No habitáculo, encontramos uma síntese entre a configuração de uma berlinetta com painel horizontal e o cockpit de um monolugar de competição. A parte superior apresenta um efeito flutuante com saídas de ar em forma de “C” emolduradas em alumínio. Entre as secções superior e inferior, existe uma faixa horizontal contrastante que integra os comandos principais e o ecrã do passageiro.
O volante junta funções digitais e analógicas, tendo sido mantidos os comandos mecânicos do F80, incluindo o icónico botão de arranque do motor.

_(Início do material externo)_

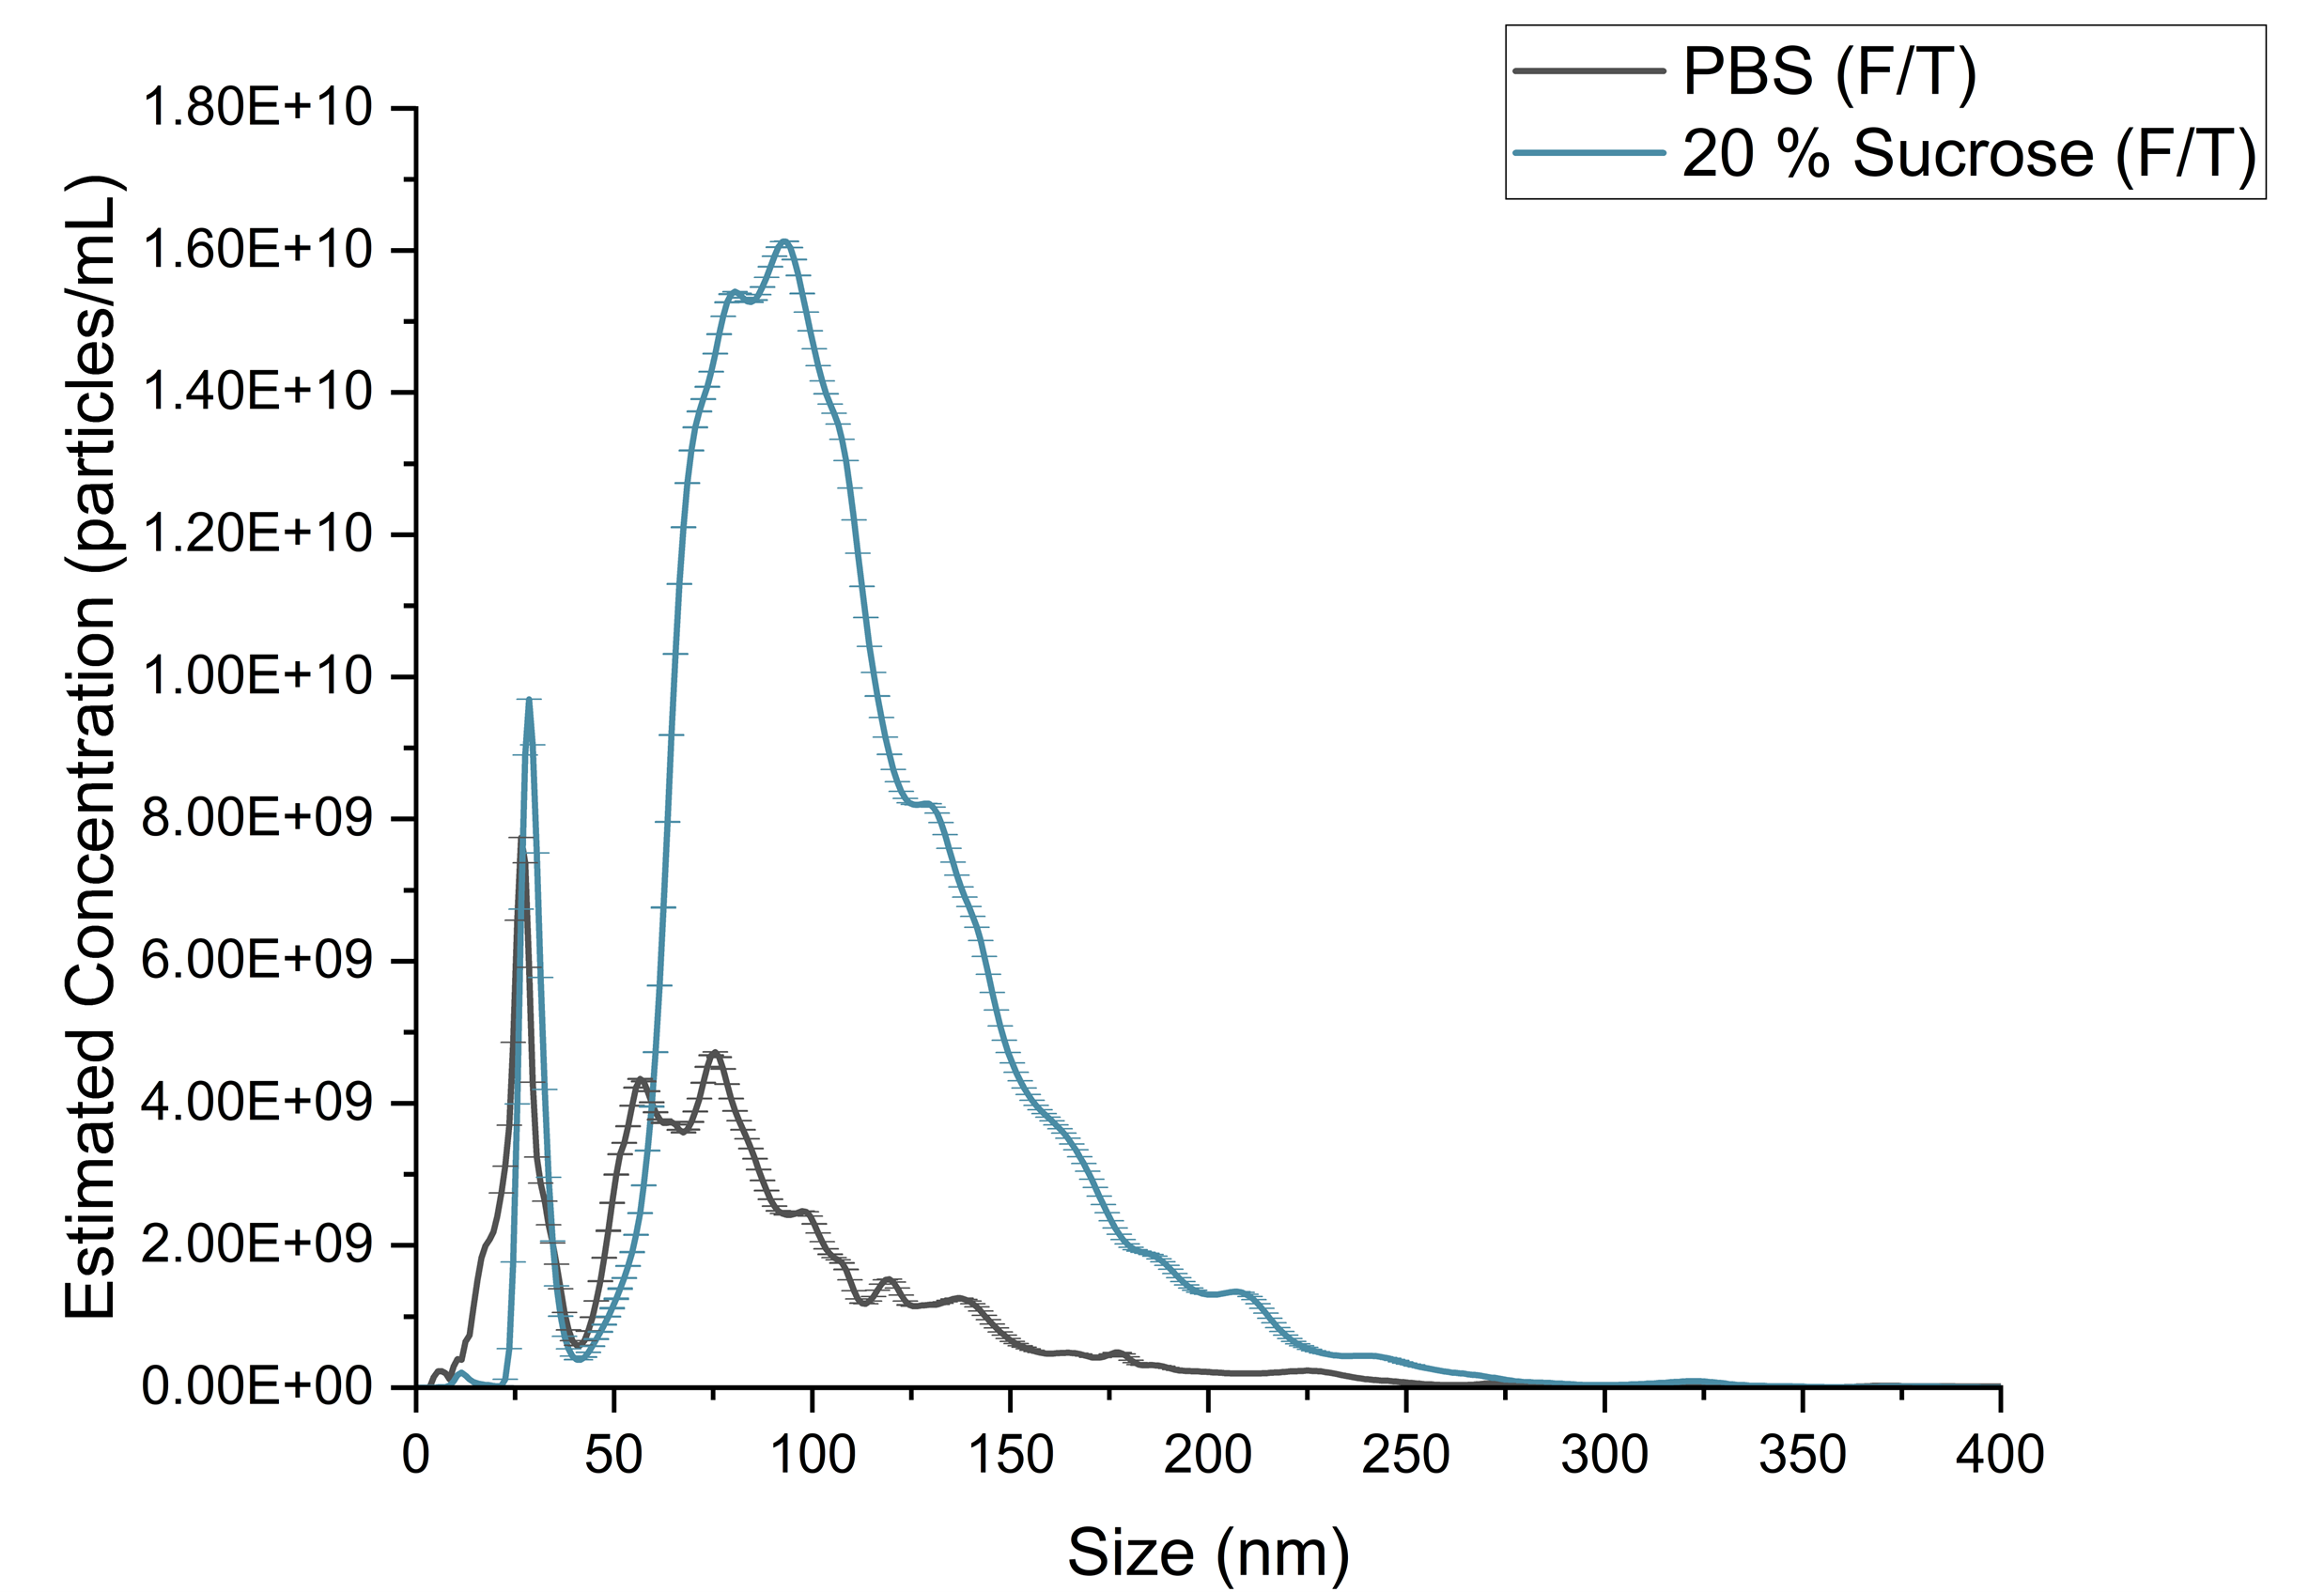 Higher or Lower? - The Resolution of Analytical Pipelines for the Evaluation of Lipid Nanoparticle Critical Quality Attributes

A parte inferior do painel é marcada por dois motivos arquitetónicos em forma de vela (tema também repetido nas portas) que incorporam diversos comandos.
No túnel central, os comandos secundários surgem dispostos de forma mais racional e minimalista. Os bancos estão disponíveis em duas versões, uma orientada para o conforto e outra mais desportiva, com estrutura em fibra de carbono.
Spider: a conquista do céu
A versão Spider foi apresentada em simultâneo com o coupé. Dispõe de uma capota rígida retrátil que pode abrir ou fechar eletricamente em apenas 14 segundos, a velocidades até 45 km/h.
Para assegurar o máximo conforto, foi integrado um inovador corta-vento atrás dos bancos, concebido para minimizar a turbulência e preservar a experiência de condução com a capota recolhida.
Este capta o fluxo de ar que entra acima da janela lateral, através de entradas integradas no encosto do banco, e redireciona-o para a parte inferior do assento através de duas saídas inferiores.
Outra diferença evidente é a ponte na tampa traseira que, com o tejadilho fechado, direciona o fluxo de ar para a traseira e para o spoiler ativo, permitindo que a carga aerodinâmica gerada seja equivalente à do 849 Testarossa coupé.
Quando chega e quanto custa
Já é possível encomendar o novo Ferrari 849 Testarossa, mas os preços ainda não foram divulgados. Tendo em conta que o SF90 Stradale, quando foi lançado, já rondava o meio milhão de euros, não é expectável que o 849 Testarossa arranque abaixo desse valor.